— WORK REQUEST —
Go to the line with "Claude-Ferdinand Gaillard (French, 1834" in the entries below and write out every line from there through the line with "Twilio Presents: Consumerization", exactly and without pictures.

— TASK INPUTS —
>>

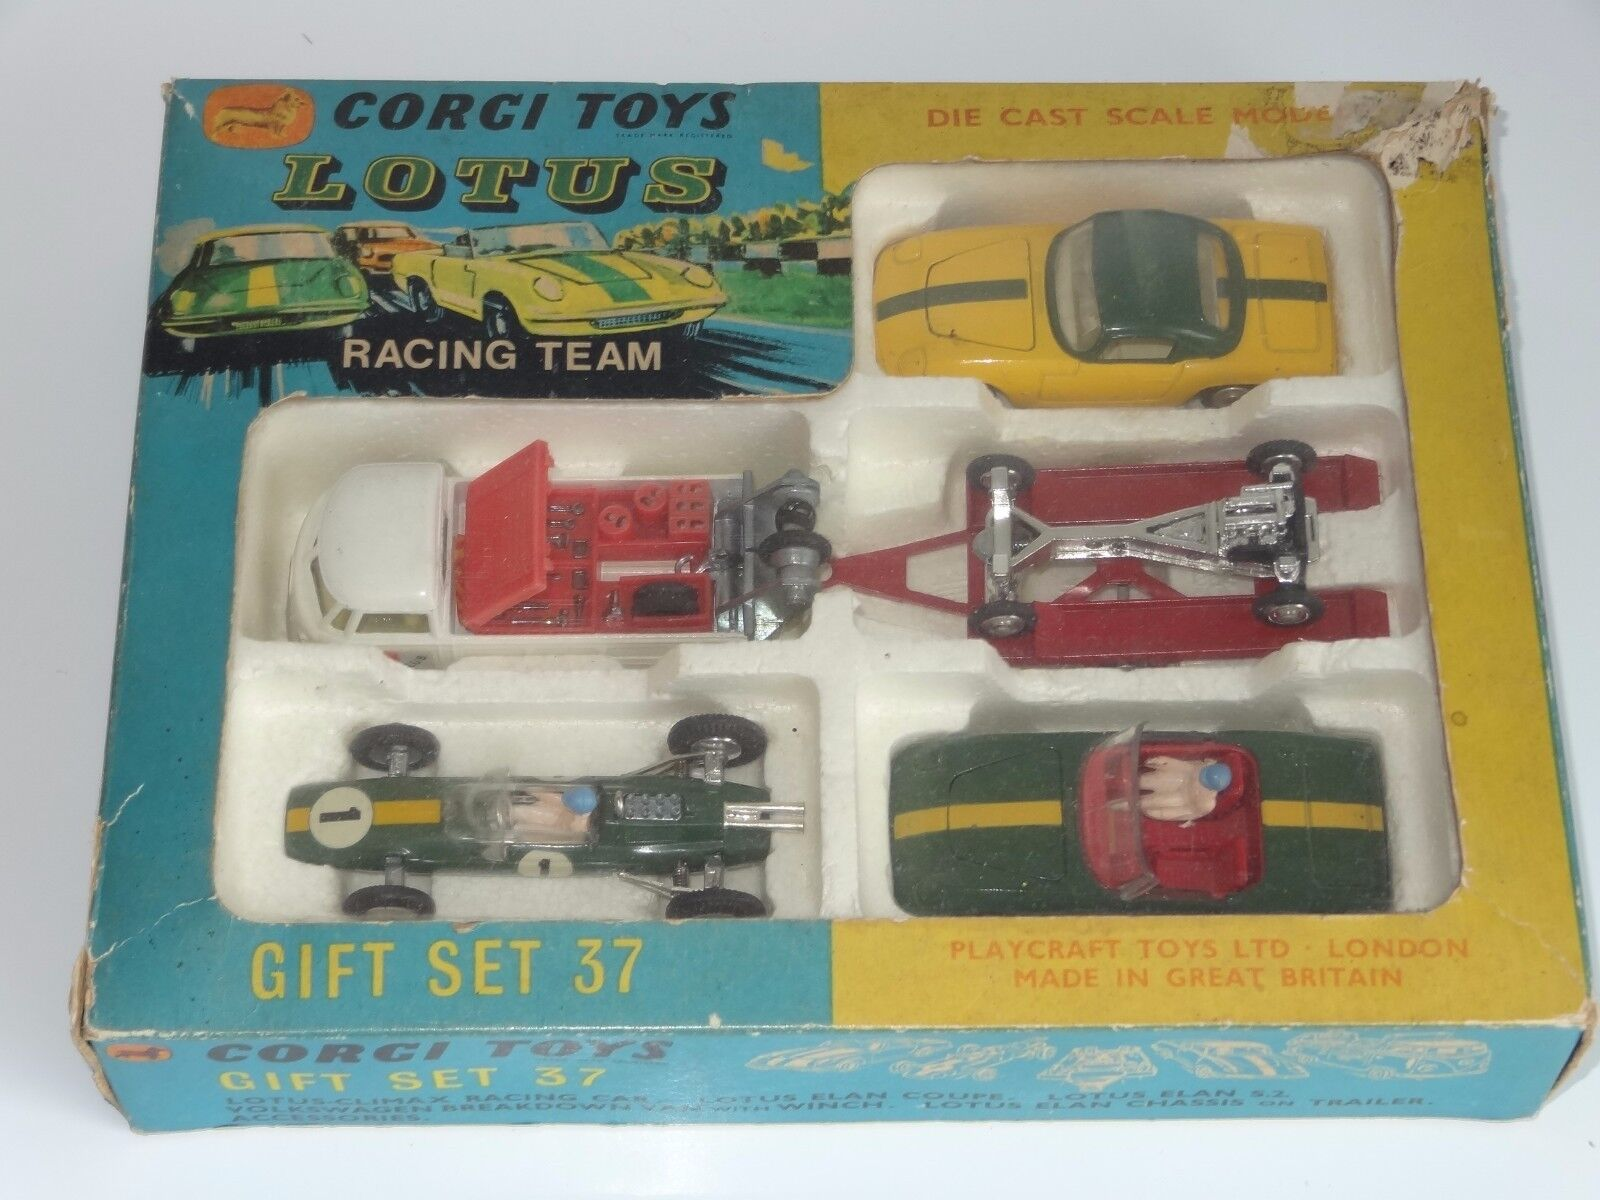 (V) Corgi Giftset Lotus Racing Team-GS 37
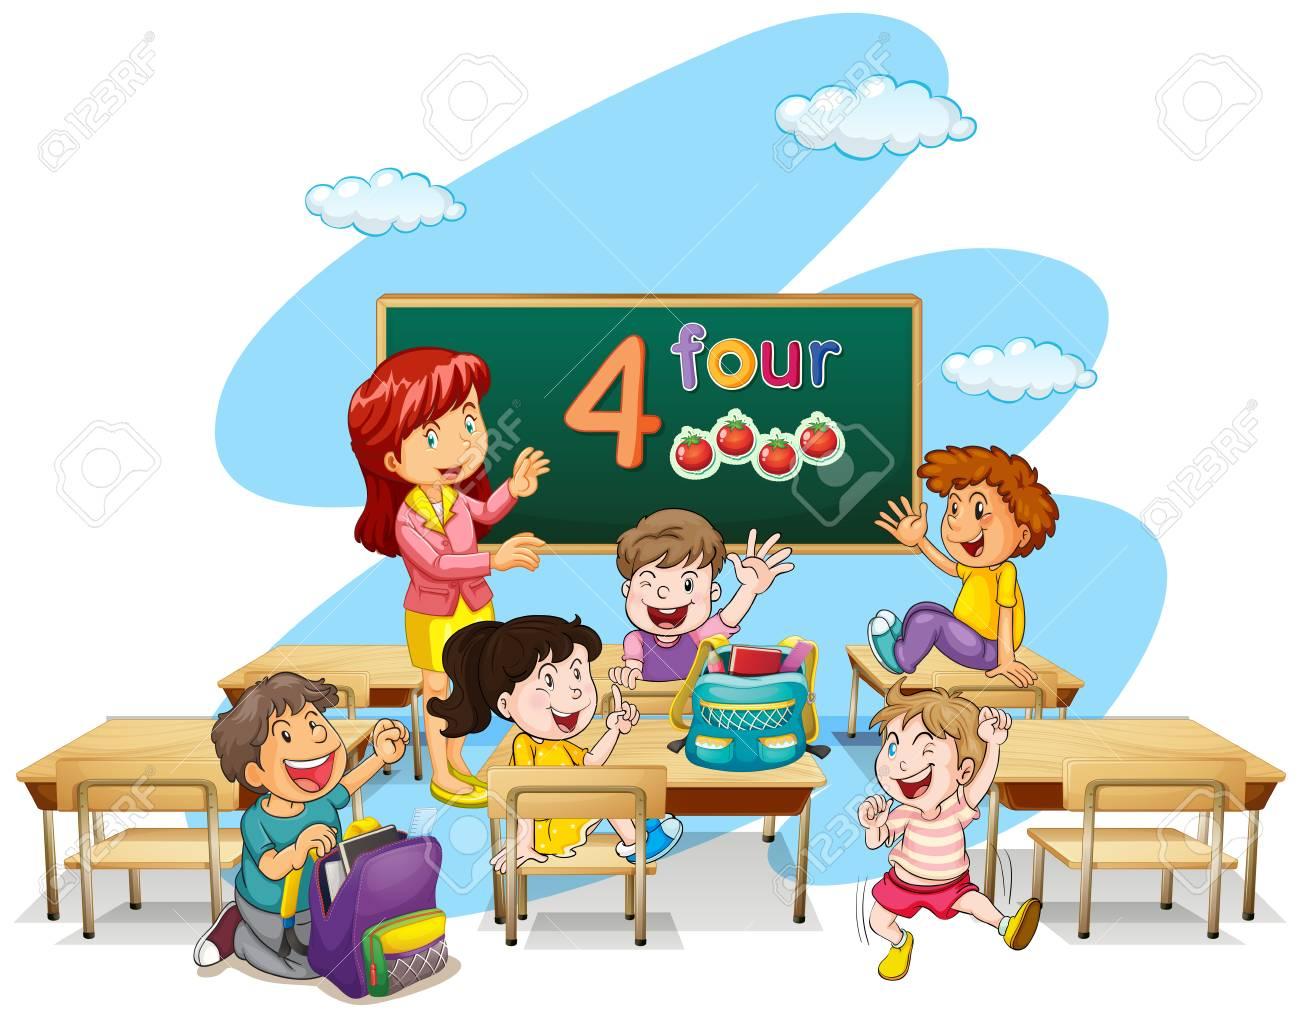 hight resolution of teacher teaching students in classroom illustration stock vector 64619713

<<
>>

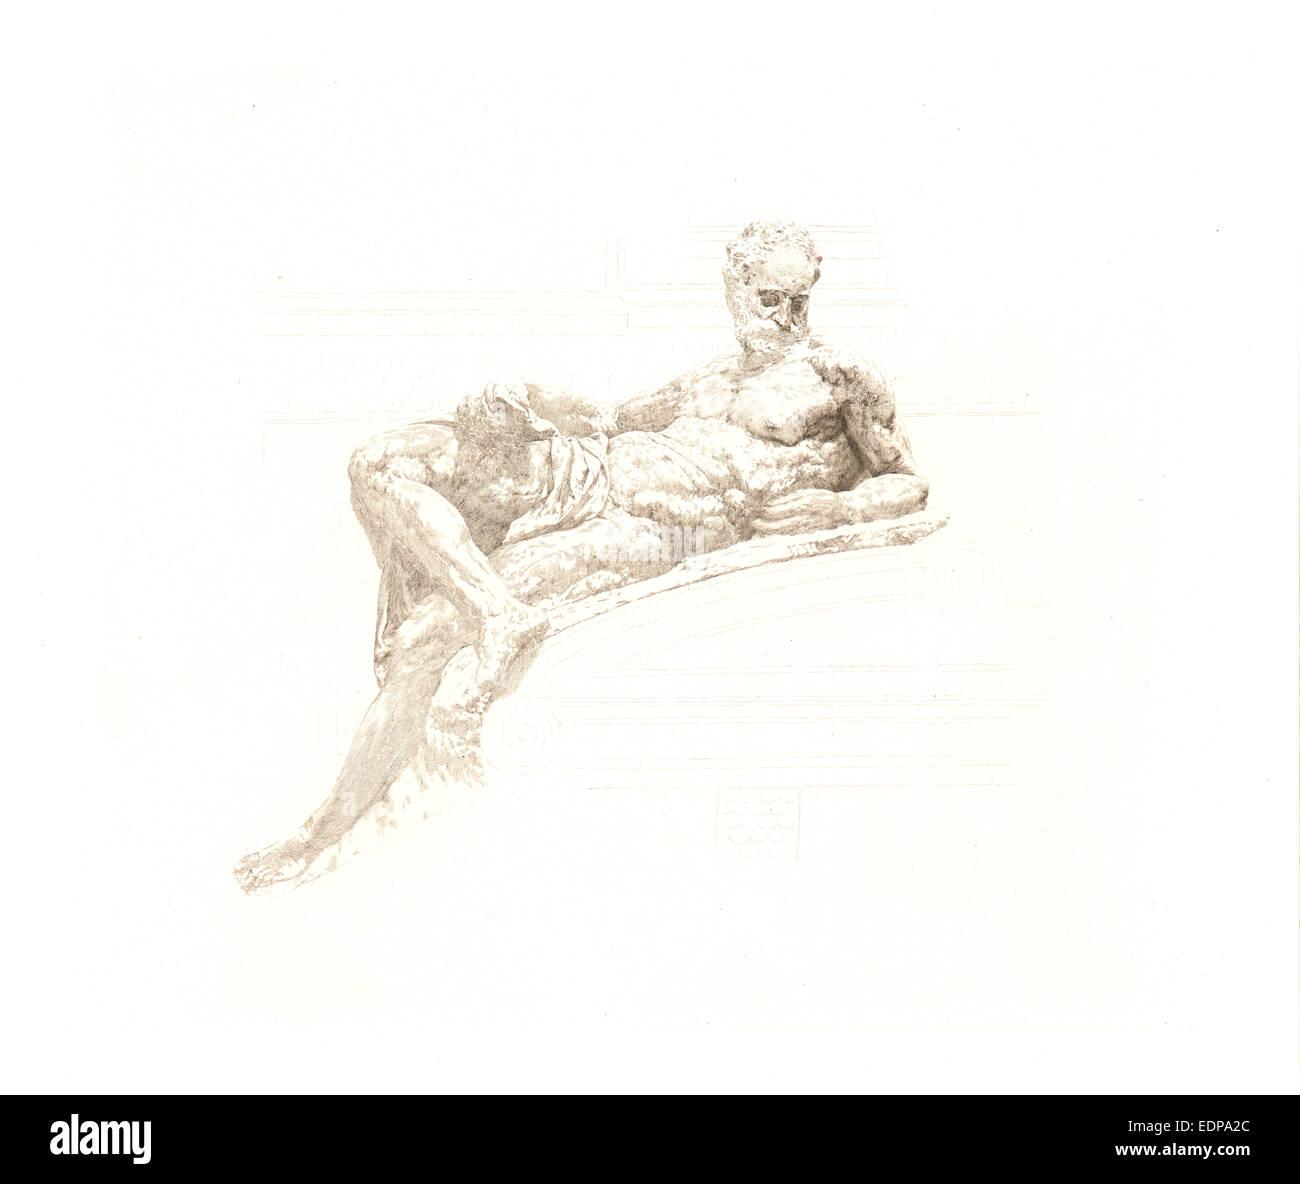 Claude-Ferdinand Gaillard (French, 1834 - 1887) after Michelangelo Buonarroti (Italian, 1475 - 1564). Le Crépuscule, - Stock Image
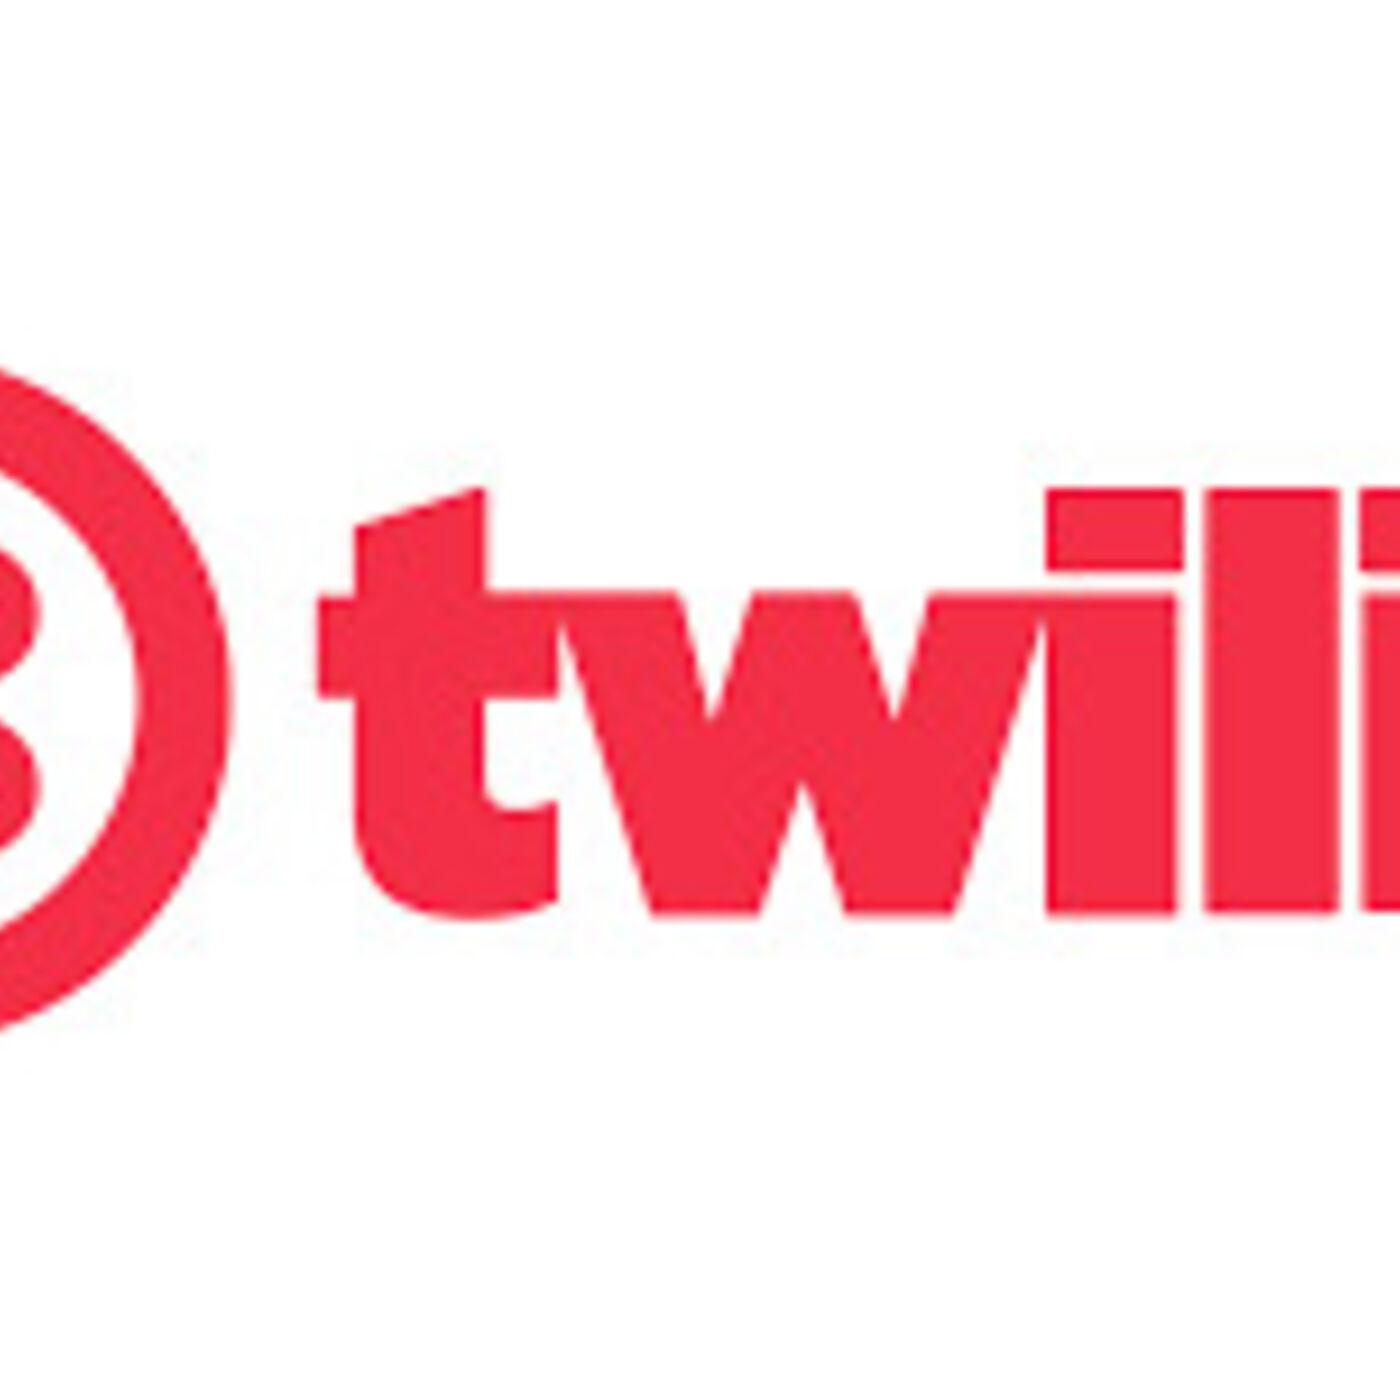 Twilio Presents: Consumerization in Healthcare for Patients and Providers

<<

— RESULT FOR THIS EXERCISE —
 Claude-Ferdinand Gaillard (French, 1834 - 1887) after Michelangelo Buonarroti (Italian, 1475 - 1564). Le Crépuscule, - Stock Image
 Twilio Presents: Consumerization in Healthcare for Patients and Providers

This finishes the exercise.